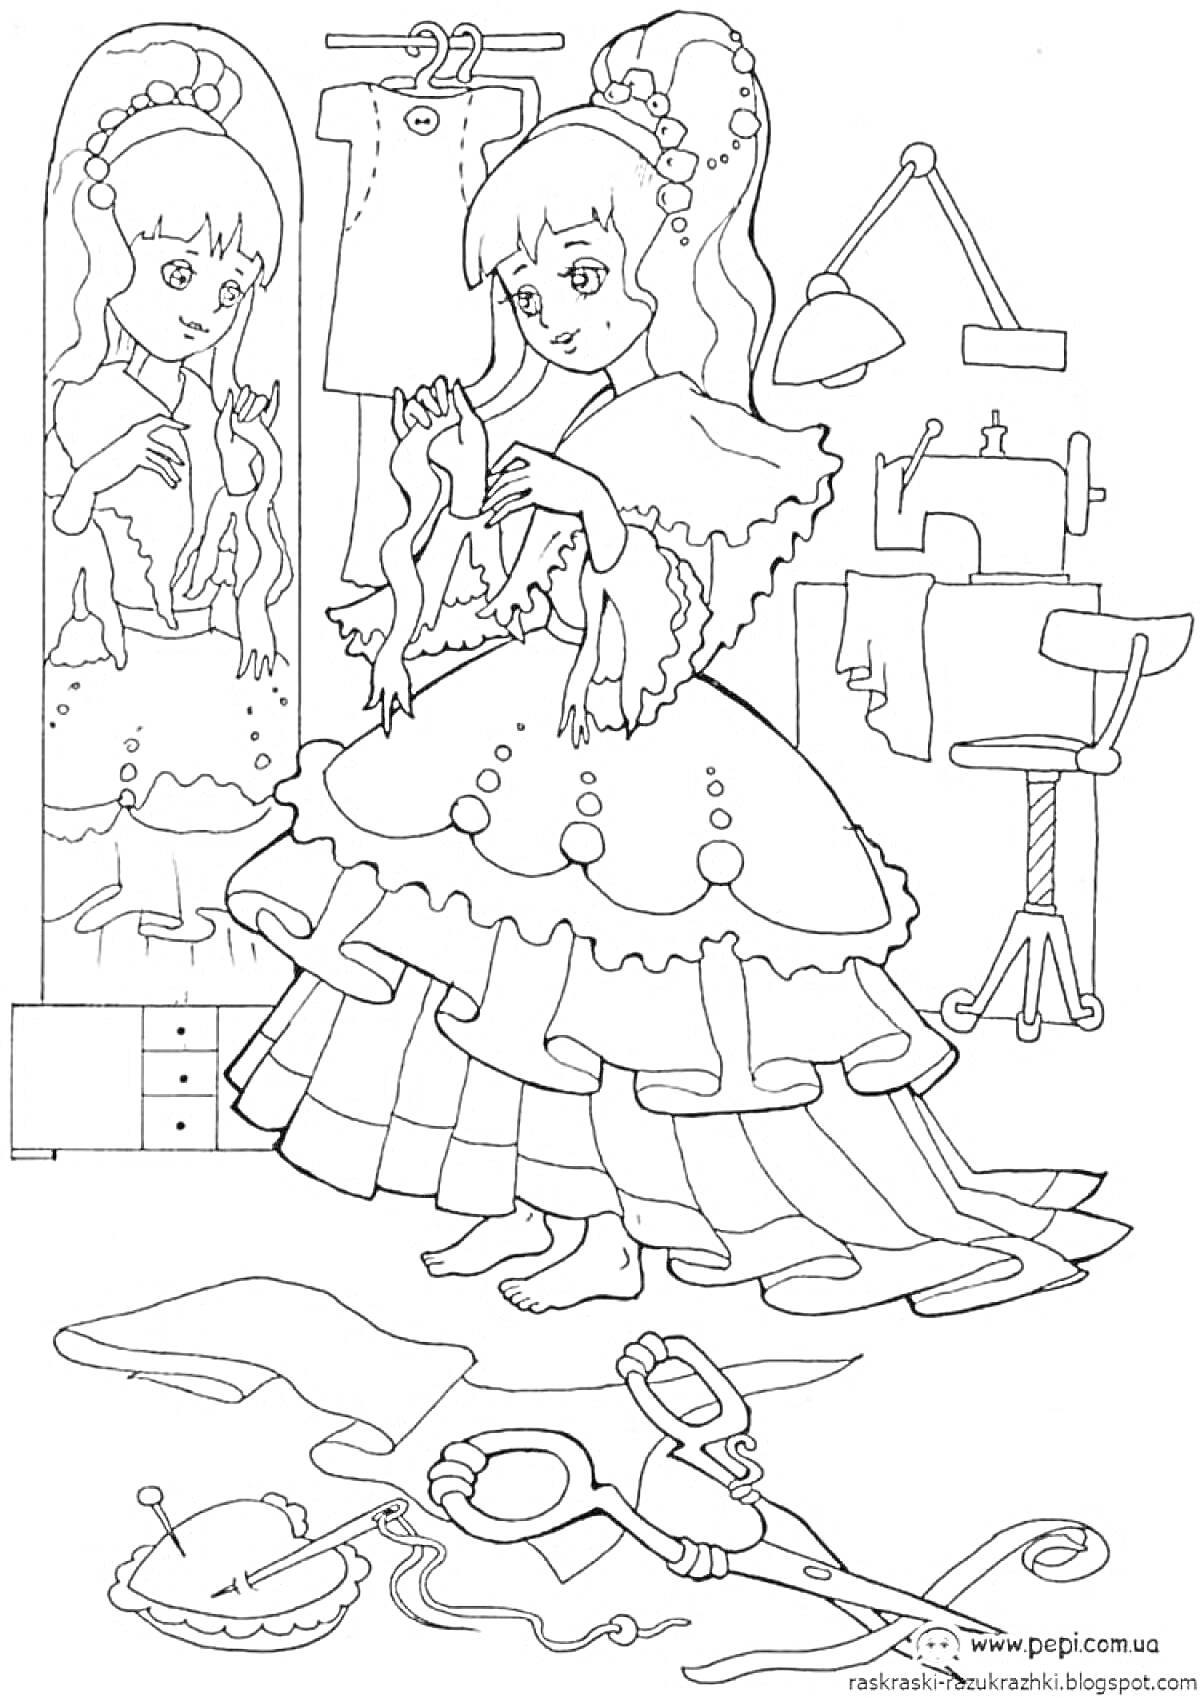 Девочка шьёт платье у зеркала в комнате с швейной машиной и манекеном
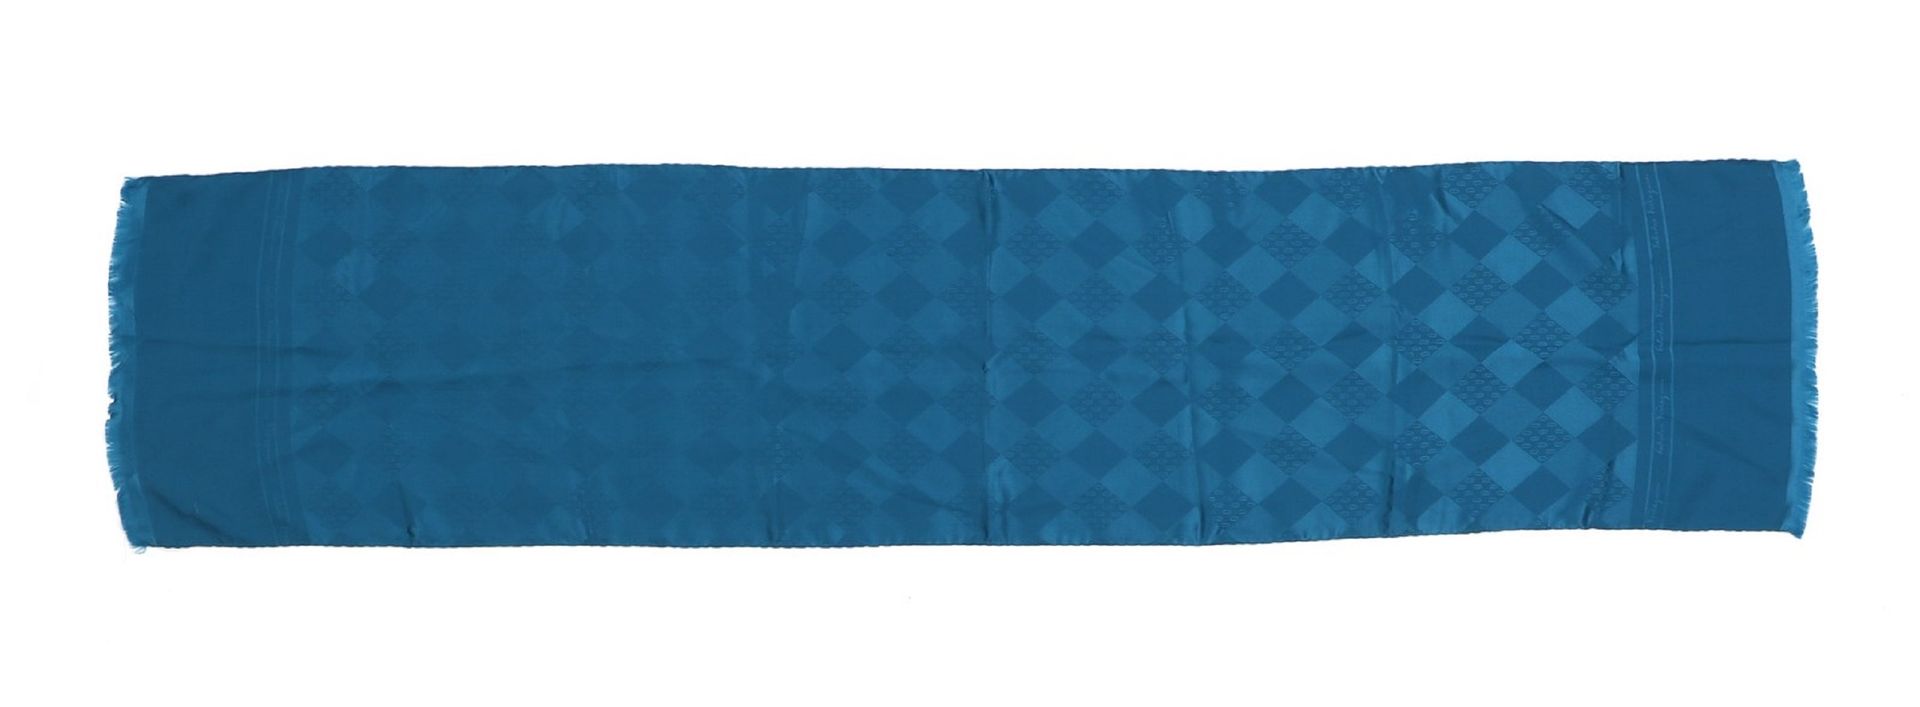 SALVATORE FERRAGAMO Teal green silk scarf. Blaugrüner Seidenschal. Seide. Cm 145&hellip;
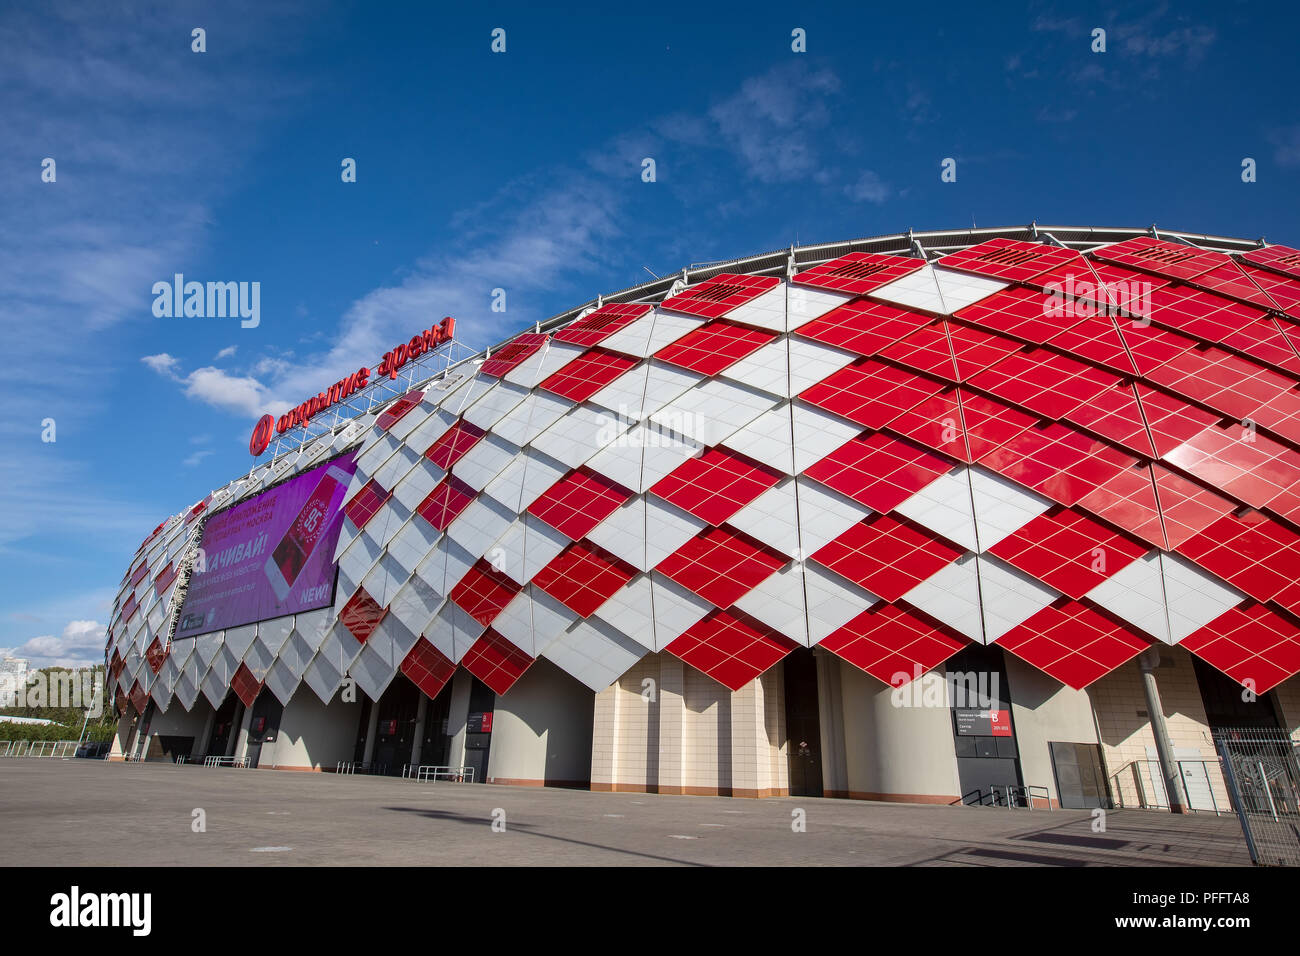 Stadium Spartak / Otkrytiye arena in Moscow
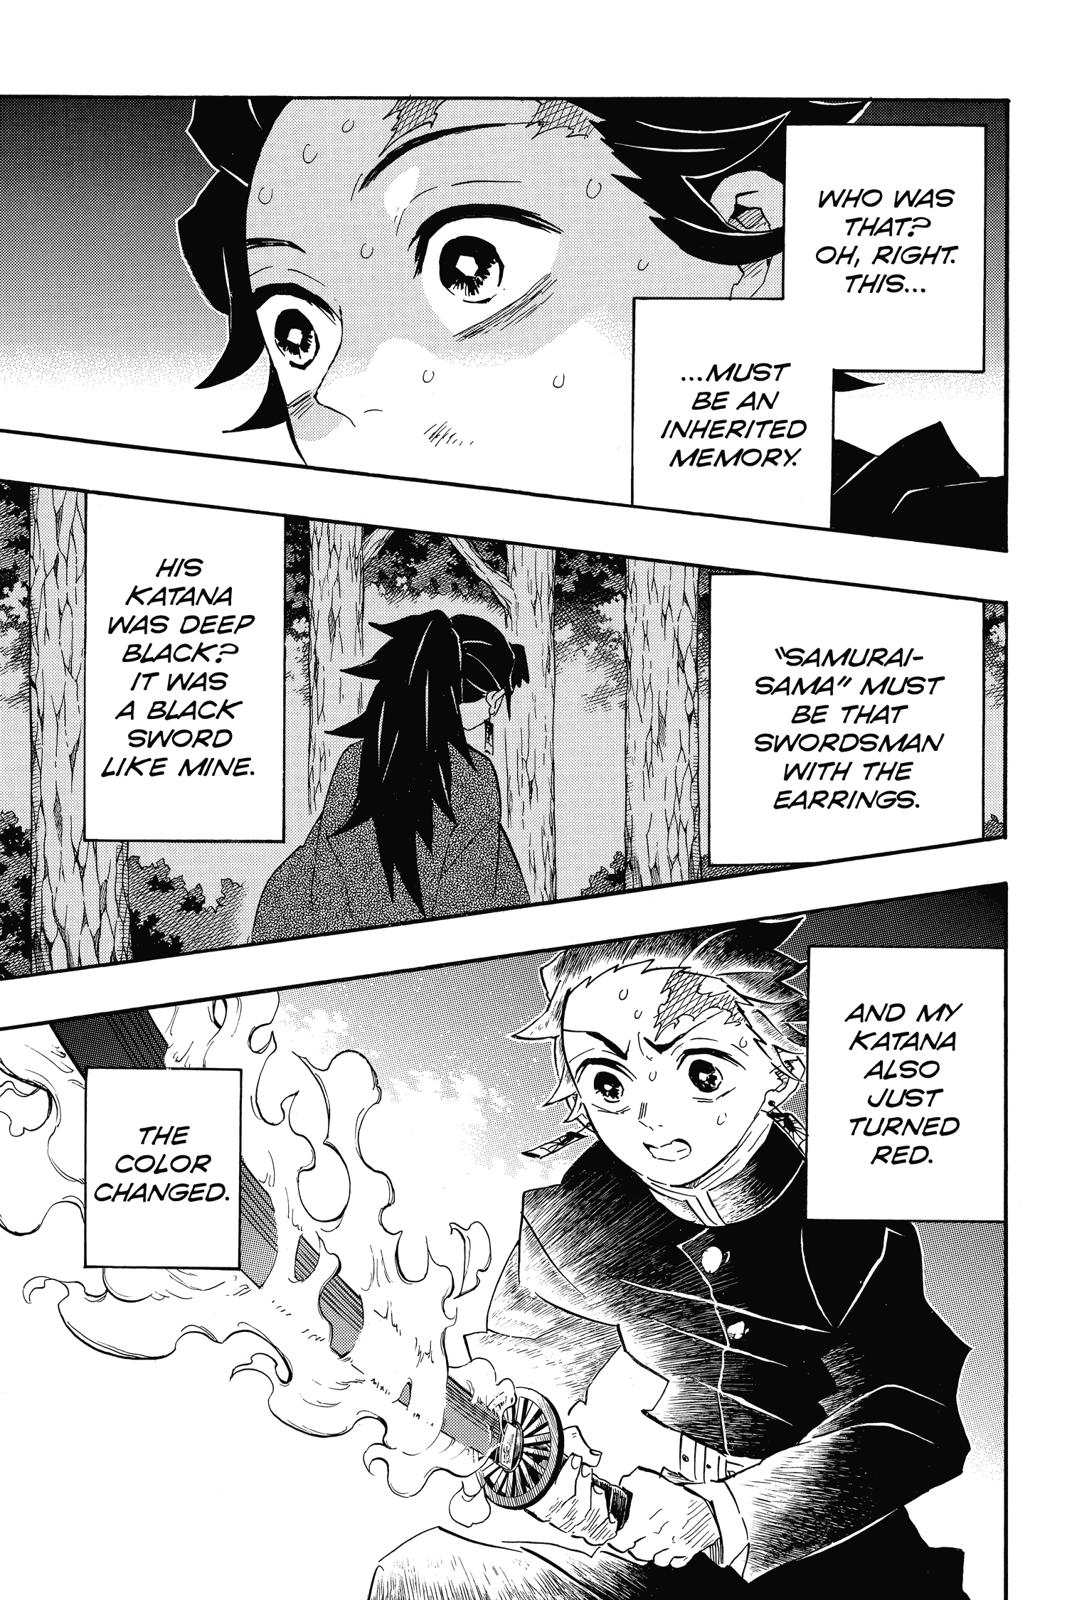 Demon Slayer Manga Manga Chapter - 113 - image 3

- - -

» Brief: Transcribe exactly the line containing "Stadium Spartak / Otkrytiye arena in Moscow" and every line after it through the end of the listing above; pictures are not part of the copy.

» Response below:
 Stadium Spartak / Otkrytiye arena in Moscow
 Demon Slayer Manga Manga Chapter - 113 - image 3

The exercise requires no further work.